La marque japonaise prétend faire
vivre un moment typiquement japonais à travers chacun de ses parfums. Détrompez-vous
si vous pensez que c’est cela qui m’a attiré car ce n’est point le cas. Que du
contraire, ça m’a donné envie de fuir et m’a tenu éloigné comme j’évite ces
horribles boutiques pour touristes qui propose du local made in China. Ce n’était
pas pour moi que je me suis approché, c’était pour un ami. C’est même lui qui,
déçu parce qu’il n’aimait rien a insisté pour que je prenne ses échantillons…

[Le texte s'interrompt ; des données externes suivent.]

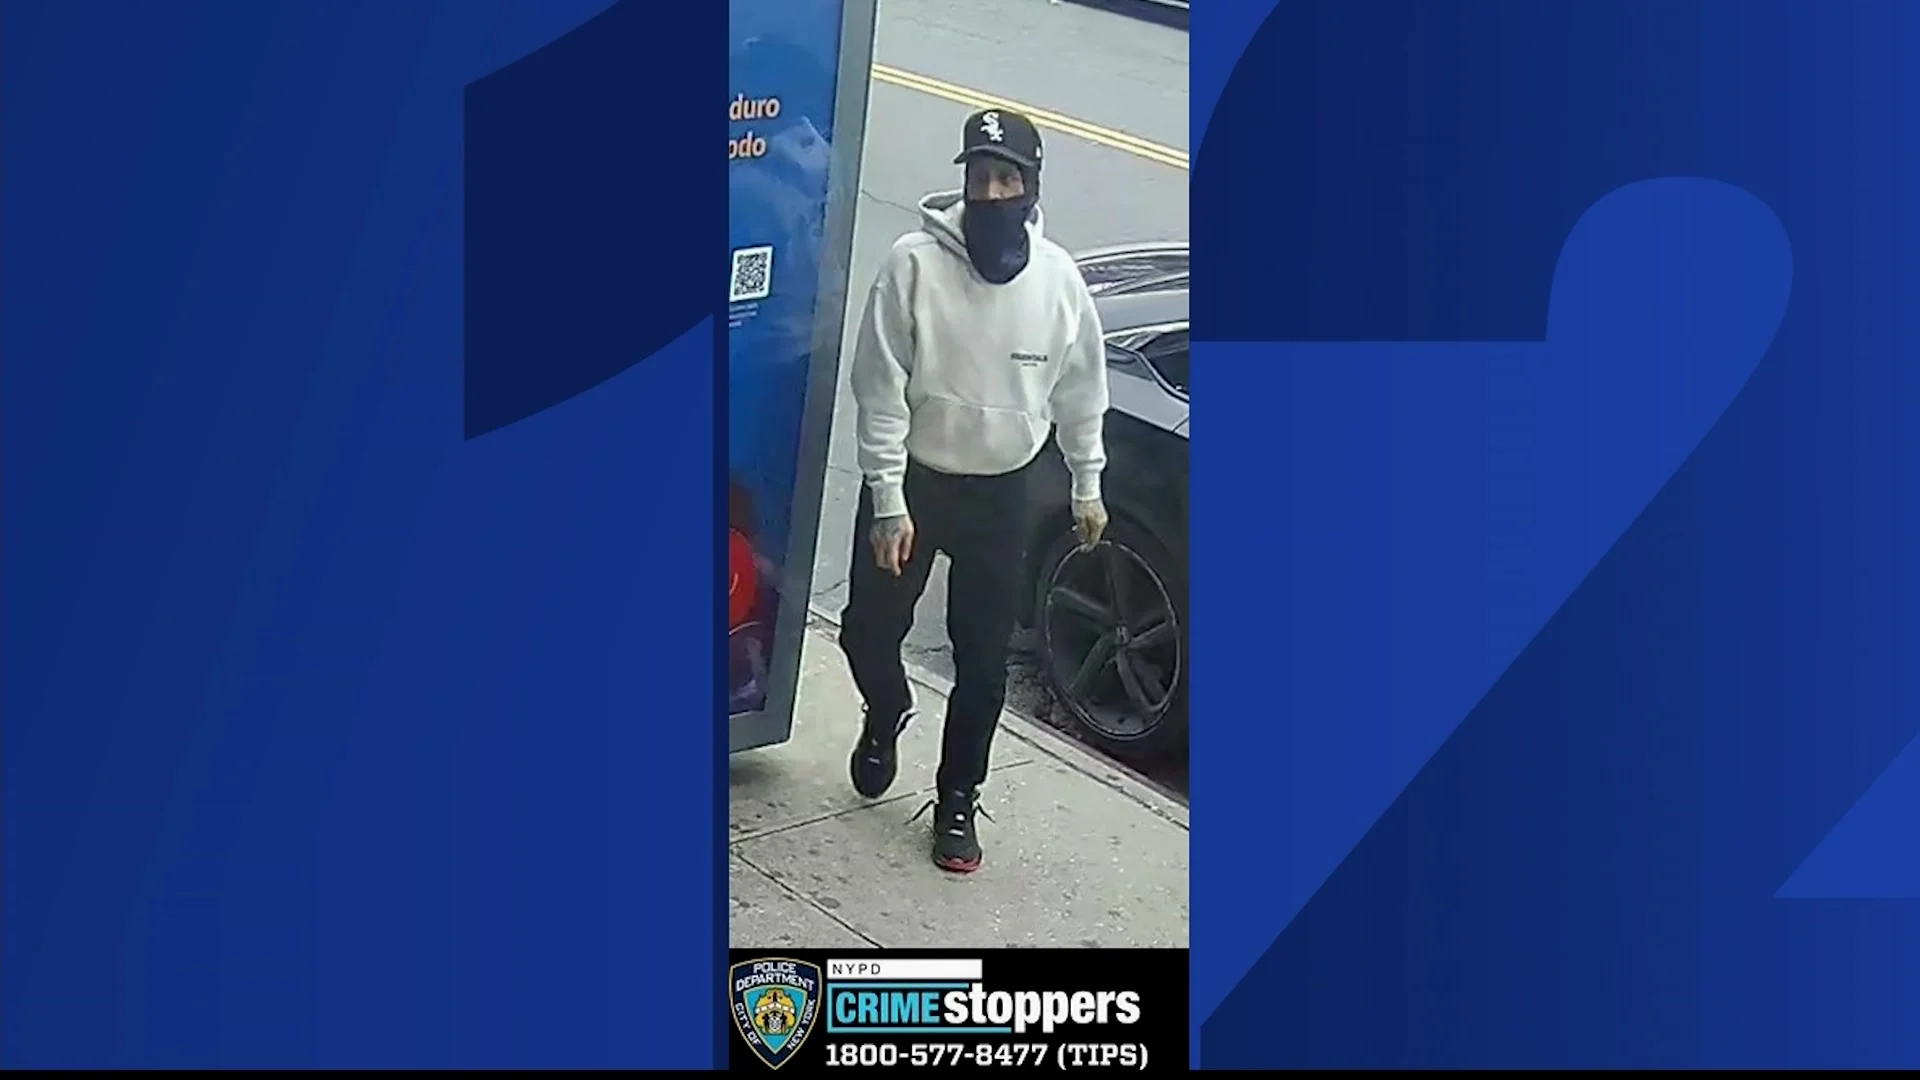 NYPD: Suspect wanted for multiple robberies in the Bronx
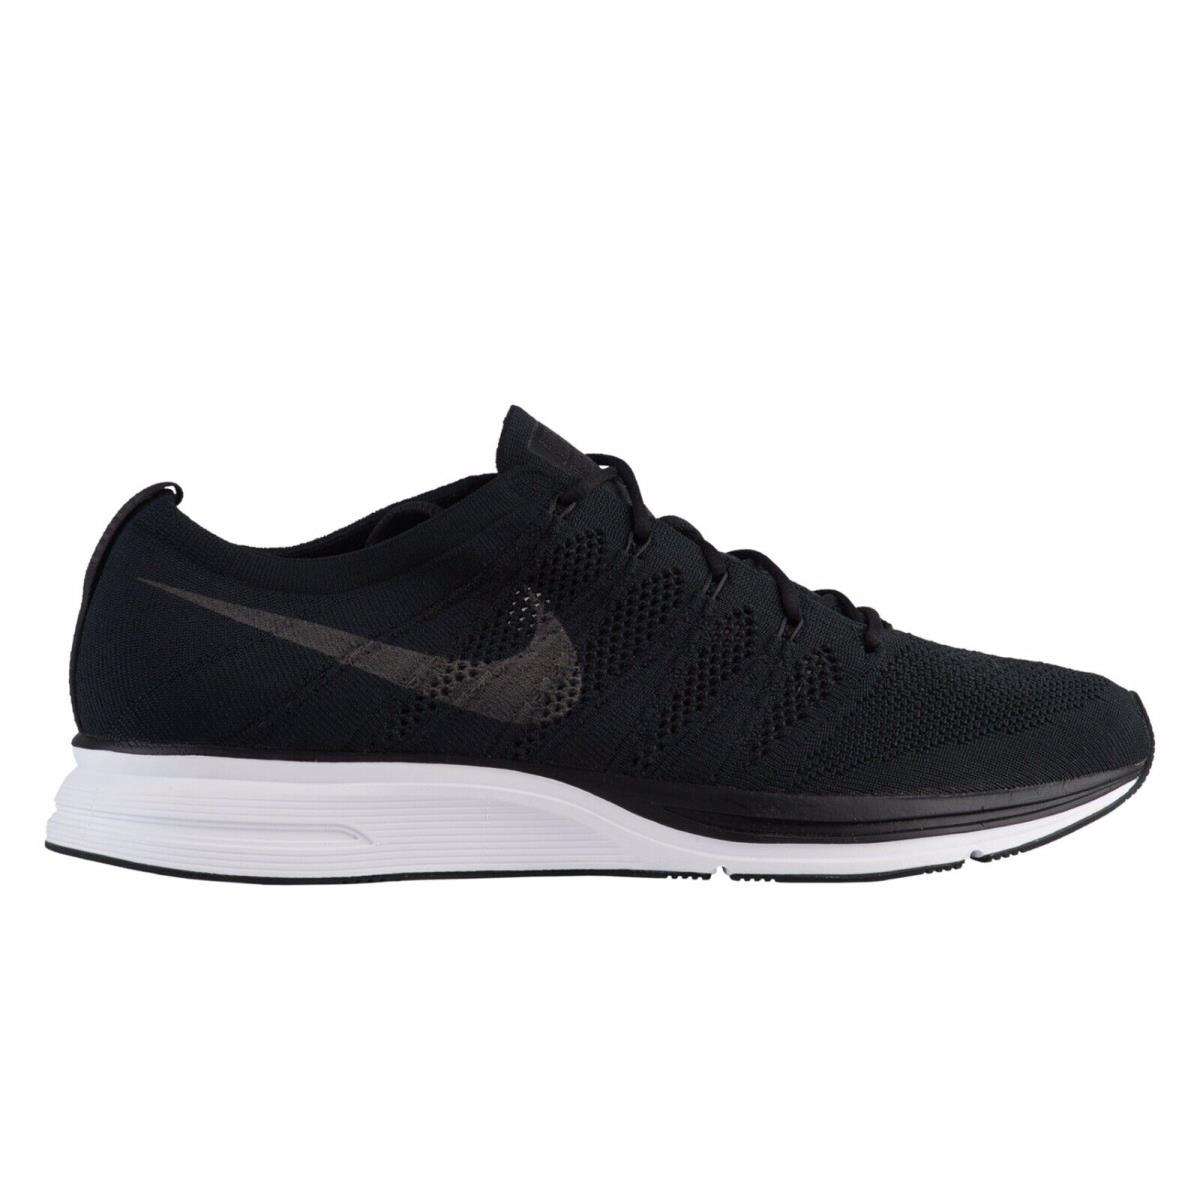 Nike Flyknit Trainer Womens 5.5 Mens 4 Running Trainer Shoes Black

Sumo Wrestler sentirait l’huile
dont les lutteurs enduisent leurs chignons. Vrai ou non, je n’en ai pas la
moindre idée et je m’en fiche un peu, je n’ai pas besoin de ça pour beaucoup
aimer ce parfum au départ discrètement anisé qui révèle très vite un accord violette-héliotrope
un peu fleur d’oranger délicieusement cosmétique, entre poudré et crémeux, et
légèrement épicé.
Le fond est très intéressant :
boisé mais un peu gras, un peu cireux mais pas encaustique non plus, un peu
sale mais avec cette discrétion que j’apprécie. J’adore ce parfum parce qu’on
est dans une ambiance très 1900. Epoque où le japonisme était encore à la mode ;
ma foi, tout se tient ! Le résultat n’est curieusement pas hyper féminin
comme on pourrait s’y attendre car les notes de fond équilibrent l’aspect
cosmétique et font que le parfum ne tombe jamais dans une odeur de maquillage.
Comme en plus Sumo Wrestler est plutôt un parfum de peau qui n’a rien de particulièrement
exubérant ou démonstratif, il est assez facile à porter.
Il m’évoque une heure bleue de Jacques
Guerlain un peu moins alanguie, moins cocotte et plus dandy. Oserais-je dire un
peu plus ténébreuse ? Contrairement aux promesses de la marque, ce n’est
pas vraiment un parfum qui me fait voyager. Il me ramène plutôt à moi-même…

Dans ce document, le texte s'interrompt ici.